Probation, as some of us once knew it as a vital and useful public service, is all but finished, but this platform will remain both as an audit trail and to prevent its record and ethos being completely air-brushed from history. If you are a dissident, a confused newbie, or just want to be part of recording an alternative truth, you've still got a chance on this blog.  

Wednesday, 16 June 2021

Probation - I Wonder How Things Are Going?

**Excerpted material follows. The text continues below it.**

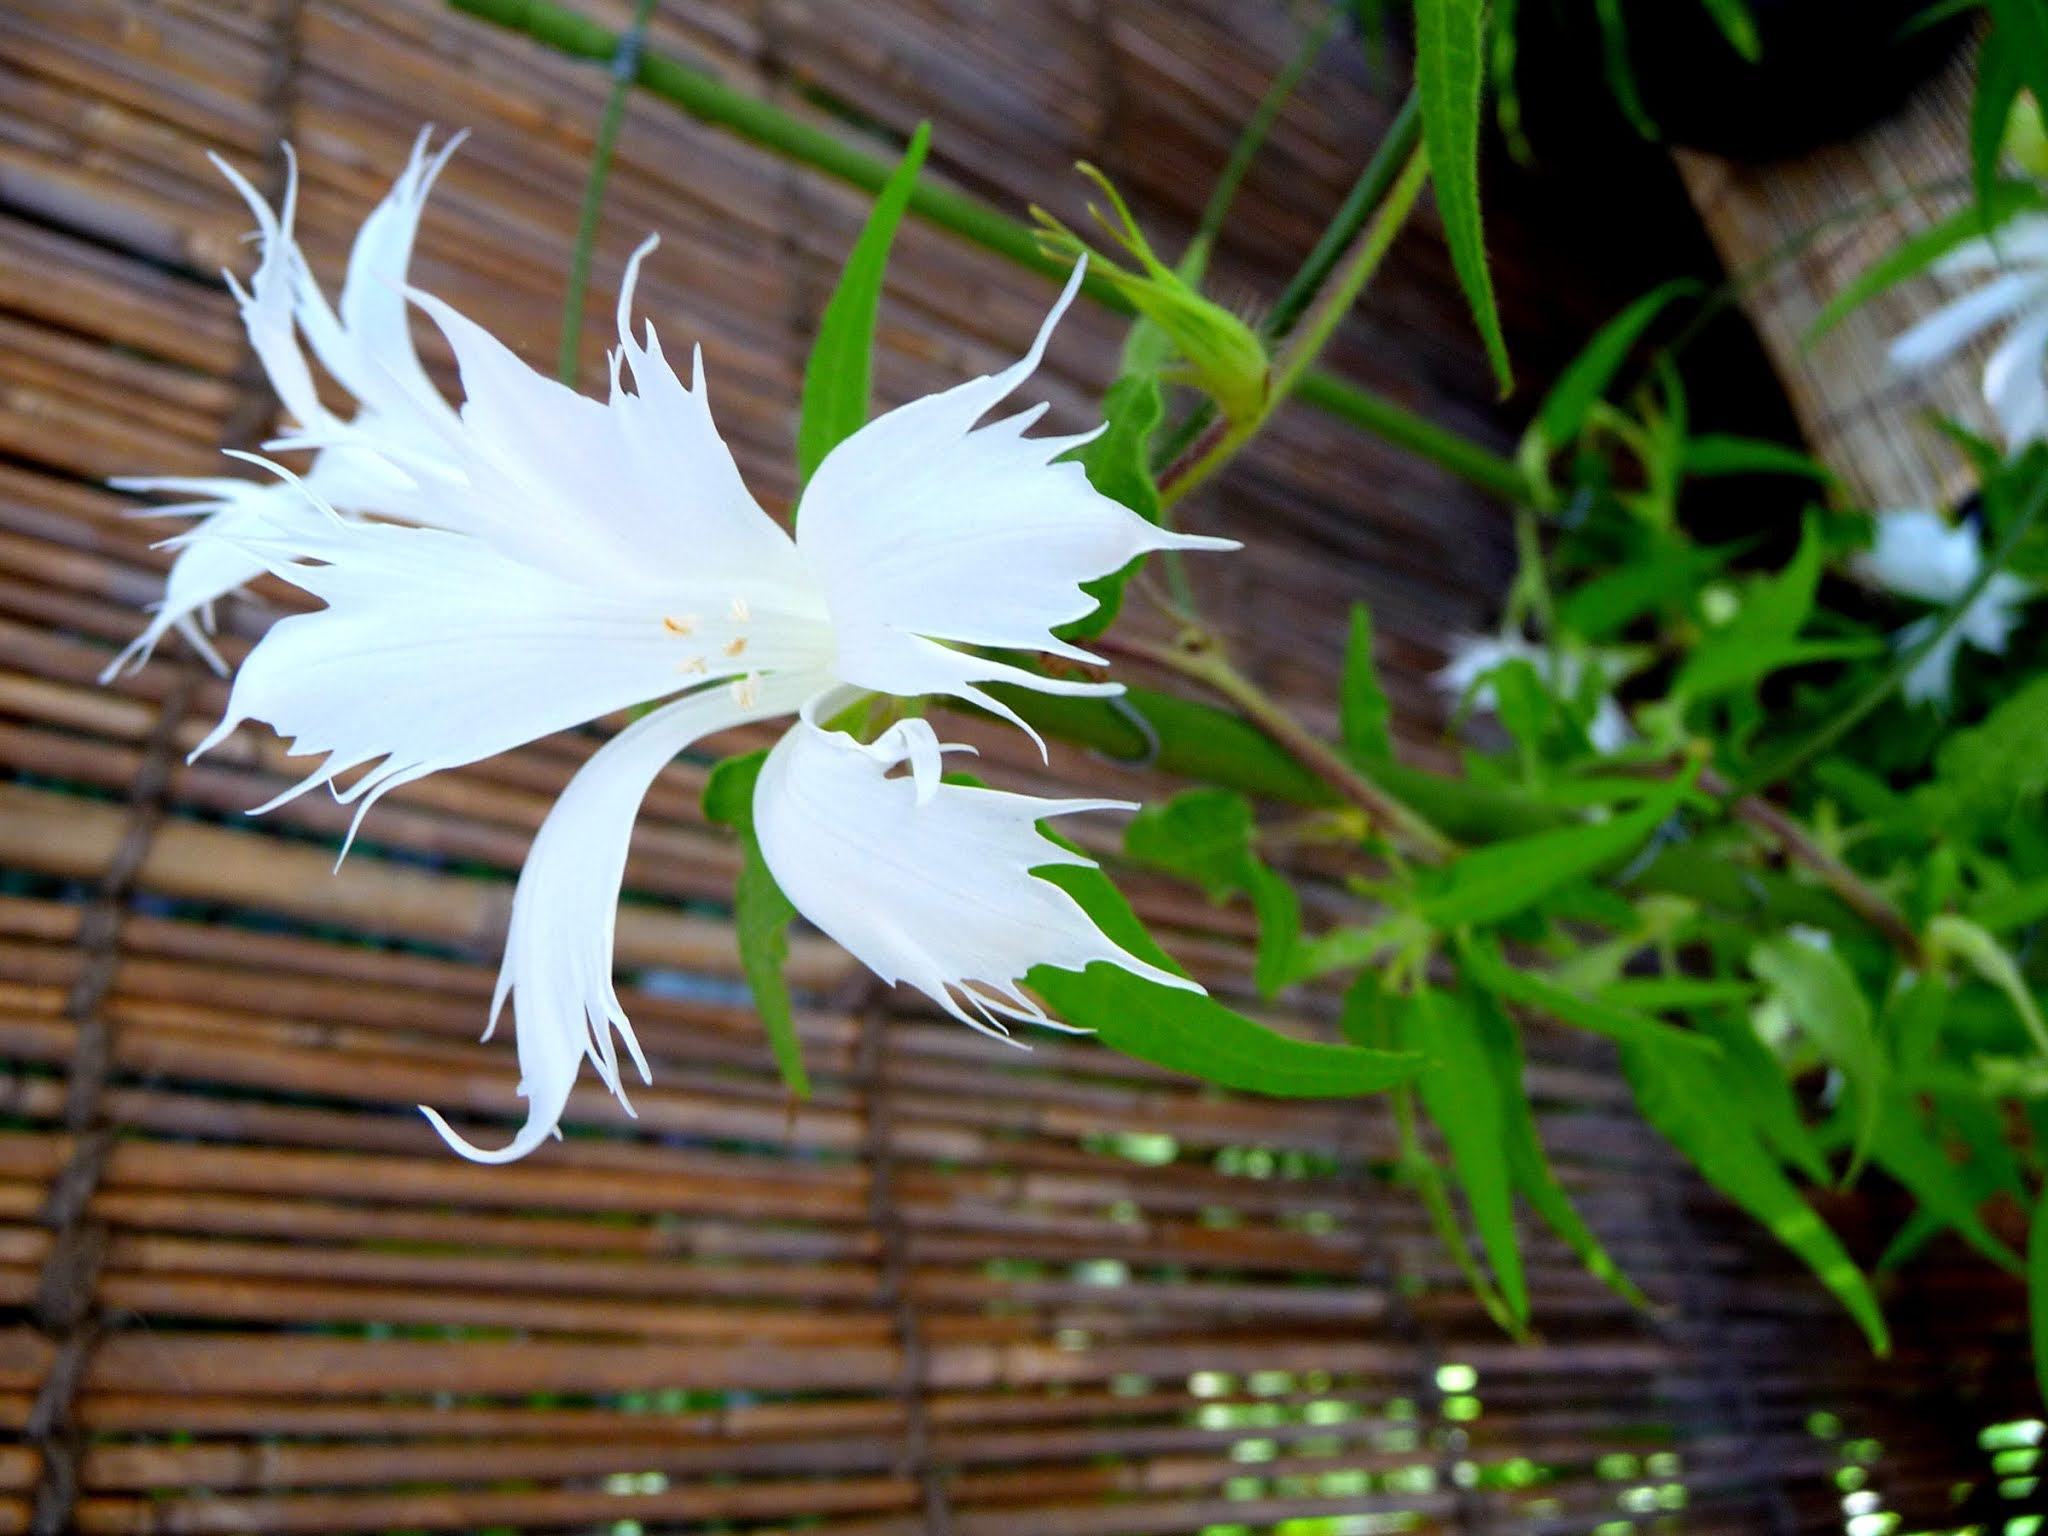 朝顔、アサガオ、あさがお、花、夏,Morning glory, flower, summer

Only a few days to go before the next big probation shakeup. Now everything is going to be tightly controlled by the civil service, I wonder how things are going? In particular, I wonder how recruitment is going? This from Facebook yesterday:-

Probation Jobs

People from all backgrounds end up in prison, so we need a diverse range of probation officers that reflect society and can engage with ex-offenders on many different levels. To celebrate Pride month, we asked Lisa, a probation officer in London and regional lead for HMPPS Pride in Probation and Prison (PiPP) network, to share her experiences:

“I’ve wanted to help the public and prevent crime since I was 16 years old. I studied criminology at university and then started off as a probation service officer before becoming a PQiP learner. I was a bit worried about being ‘out’ at work, but I was placed in such a welcoming office, that I put myself forward as the LGBTQ+ lead. I am a probation officer, and I am an LGBTQ+ advocate for HMPPS. I am a busy bee, but I would not change it for the world. I’m doing two wonderful things.” 

Train to become a probation officer – and bring your whole self to work.


Can you just apply to be a probation services officer? Is their currently an intake? I didn't get into the PQiP in April.

Probation Jobs Hi Xxxxxx, applications for the next round of recruitment are expected to open up again in late Summer. Please keep an eye on our Facebook page for any updates. Thanks.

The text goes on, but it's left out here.